If you have been the victim of any of these circumstances and this has injured you, then depending on the situation in which the injury has occurred, you may be eligible to bring a claim under statute, for example, the Workers Compensation legislation, Fair Work Act, Civil Liability Act, and also at common law. We will be able to provide you with more specific advice tailored to your specific situation.

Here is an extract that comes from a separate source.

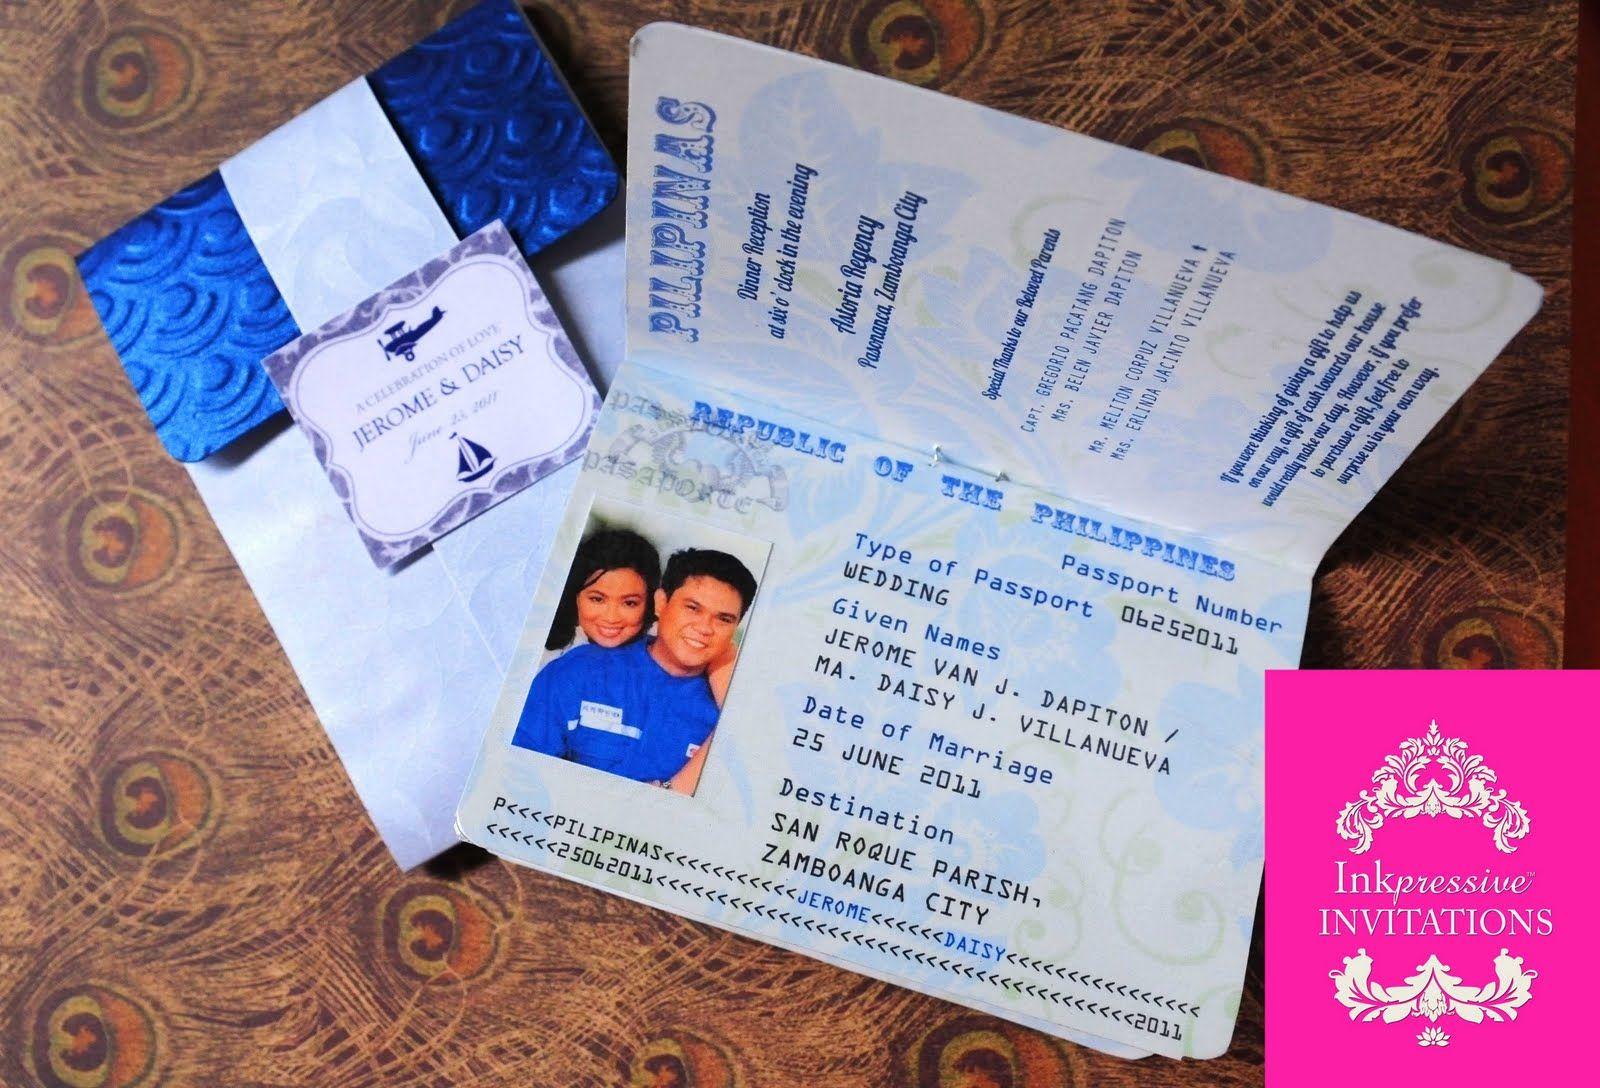 passport wedding invitations template - The Originality of the

We sadly find that a lot of people are unable to characterise the type of victimisation that they have suffered. We have compiled a short list of themes that frequently arise in these types of situations that you should be aware of:

Common themes in
workplace bullying

  • Workers are often bullied, harassed, denigrated and victimised for the following reasons:
    • Gender: workers often outcast members of the opposite sex, especially if that occupation, field or industry is dominated by a particular sex;
    • Race, religion and culture: workers are often bullied by co-workers or superiors due to their race, ethnicity, religion and culture. Race bullying is usually perpetrated particularly against persons that are non-Caucasian, including persons with an Aboriginal or Torres Strait Islander background;
    • Sexual orientation: we often see bullying and harassment perpetrated against males and females that are homosexual;
    • Age: we often see workers be bullied based on their age. Older workers can be picked on in workplaces or industries dominated by younger generations. Similarly, younger workers that are superior to their older co-workers can face disdain and harassment from those older co-workers.
    • Perceived attractiveness: workers are often harassed, including being sexually harassed, by co-workers or superiors due to the fact that they are considered to be attractive, and are often propositioned for sex or sexual favours.
  • While the above are common themes in workplace bullying, these are not the only circumstances under which persons are targeted. Some people are bullied by their co-workers and/or superiors for no particular reason at all – they are simply singled out. The most important point to take away is that there is never logical or acceptable bullying – it is always inappropriate, and has the potential to cause serious psychological injury.
  • Workplace bullying can manifest itself in a variety of ways, such as verbal abuse, physical abuse, sexual abuse, openly denigrating workers in front of others, name-calling, swearing, using derogatory names or stereotypes with reference to a worker, and isolating or ostracising a worker from the rest of the workplace.

Common themes in Sexual Harassment Matters

  • Whilst victims of sexual harassment are largely female, males are also susceptible to being, and quite frequently are, sexually harassed;
  • Sexual harassment is often used as a tactic to manipulate and intimidate victims, and to assert power and dominance over the victim;
  • Sexual harassment is often seen in relationships where there is a power imbalance, eg. Employer/employee relationship;
  • Sexual harassment is often normalised in certain environments, leading to a lack of reporting of those circumstances;
  • Sexual harassment can manifest itself in numerous ways, ranging from verbal comments made about a person’s appearance, making propositions for sex or sexual favours, indecent exposure to a person, sexual assault and abuse.


  • Assaults can injure a person both physically and psychologically;
  • Often, a psychological injury will manifest itself in the form of a secondary injury, meaning that it will occur later in response to the assault and physical injury sustained.


  • A person being exposed to traumatic incidents can suffer psychological injury;
  • Exposure to traumatic incidents can be prolonged and repeated over a lengthy period of time, causing the psychological injury to be ‘accumulated’, or can be a one-off incident, which causes a ‘frank’ injury;
  • Traumatic incidents can include, for example, witnessing assaults, homicide, suicide, domestic violence, and motor vehicle accidents;
  • We see that first responders such as police, ambulance, and fire & rescue are quite often exposed to trauma in and over the course of their careers.